DATASET CONTENT section start

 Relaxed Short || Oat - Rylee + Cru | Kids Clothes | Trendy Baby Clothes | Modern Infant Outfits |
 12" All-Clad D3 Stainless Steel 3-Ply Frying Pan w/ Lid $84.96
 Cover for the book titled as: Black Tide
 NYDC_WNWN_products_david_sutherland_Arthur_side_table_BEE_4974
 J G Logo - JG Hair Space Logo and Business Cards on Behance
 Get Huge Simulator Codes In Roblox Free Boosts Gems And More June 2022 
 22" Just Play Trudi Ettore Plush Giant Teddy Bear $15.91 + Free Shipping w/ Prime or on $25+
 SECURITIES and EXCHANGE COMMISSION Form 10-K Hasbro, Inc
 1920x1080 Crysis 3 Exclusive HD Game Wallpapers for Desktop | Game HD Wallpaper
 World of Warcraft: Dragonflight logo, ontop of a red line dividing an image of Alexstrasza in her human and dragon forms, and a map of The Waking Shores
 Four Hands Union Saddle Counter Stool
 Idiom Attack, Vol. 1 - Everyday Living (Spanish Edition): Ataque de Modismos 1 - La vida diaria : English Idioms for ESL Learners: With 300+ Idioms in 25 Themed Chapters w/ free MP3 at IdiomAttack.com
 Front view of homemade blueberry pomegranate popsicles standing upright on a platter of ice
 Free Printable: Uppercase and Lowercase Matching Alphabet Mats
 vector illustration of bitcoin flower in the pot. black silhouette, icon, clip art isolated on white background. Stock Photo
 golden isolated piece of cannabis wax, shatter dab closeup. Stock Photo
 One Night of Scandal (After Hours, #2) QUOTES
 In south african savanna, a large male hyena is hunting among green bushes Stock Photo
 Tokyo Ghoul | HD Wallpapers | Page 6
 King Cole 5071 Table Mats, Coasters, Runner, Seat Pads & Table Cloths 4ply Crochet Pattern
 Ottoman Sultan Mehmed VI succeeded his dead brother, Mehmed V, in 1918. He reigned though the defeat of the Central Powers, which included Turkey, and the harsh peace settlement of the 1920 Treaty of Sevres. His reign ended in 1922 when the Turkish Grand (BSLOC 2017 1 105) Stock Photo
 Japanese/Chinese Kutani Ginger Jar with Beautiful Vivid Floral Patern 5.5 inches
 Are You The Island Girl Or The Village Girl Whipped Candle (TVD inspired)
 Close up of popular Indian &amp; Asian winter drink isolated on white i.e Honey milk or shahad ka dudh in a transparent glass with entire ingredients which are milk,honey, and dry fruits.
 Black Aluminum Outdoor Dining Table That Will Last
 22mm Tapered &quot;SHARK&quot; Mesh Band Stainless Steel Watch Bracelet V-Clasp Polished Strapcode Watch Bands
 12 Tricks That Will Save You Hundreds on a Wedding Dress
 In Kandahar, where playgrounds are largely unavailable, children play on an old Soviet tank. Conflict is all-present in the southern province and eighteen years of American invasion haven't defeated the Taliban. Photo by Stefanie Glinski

DATASET CONTENT section end

- **WHAT YOU NEED TO DO**
Take every line from the records that holds "isolated" and copy it down.

- **RESPONSE AREA**
 vector illustration of bitcoin flower in the pot. black silhouette, icon, clip art isolated on white background. Stock Photo
 golden isolated piece of cannabis wax, shatter dab closeup. Stock Photo
 Close up of popular Indian &amp; Asian winter drink isolated on white i.e Honey milk or shahad ka dudh in a transparent glass with entire ingredients which are milk,honey, and dry fruits.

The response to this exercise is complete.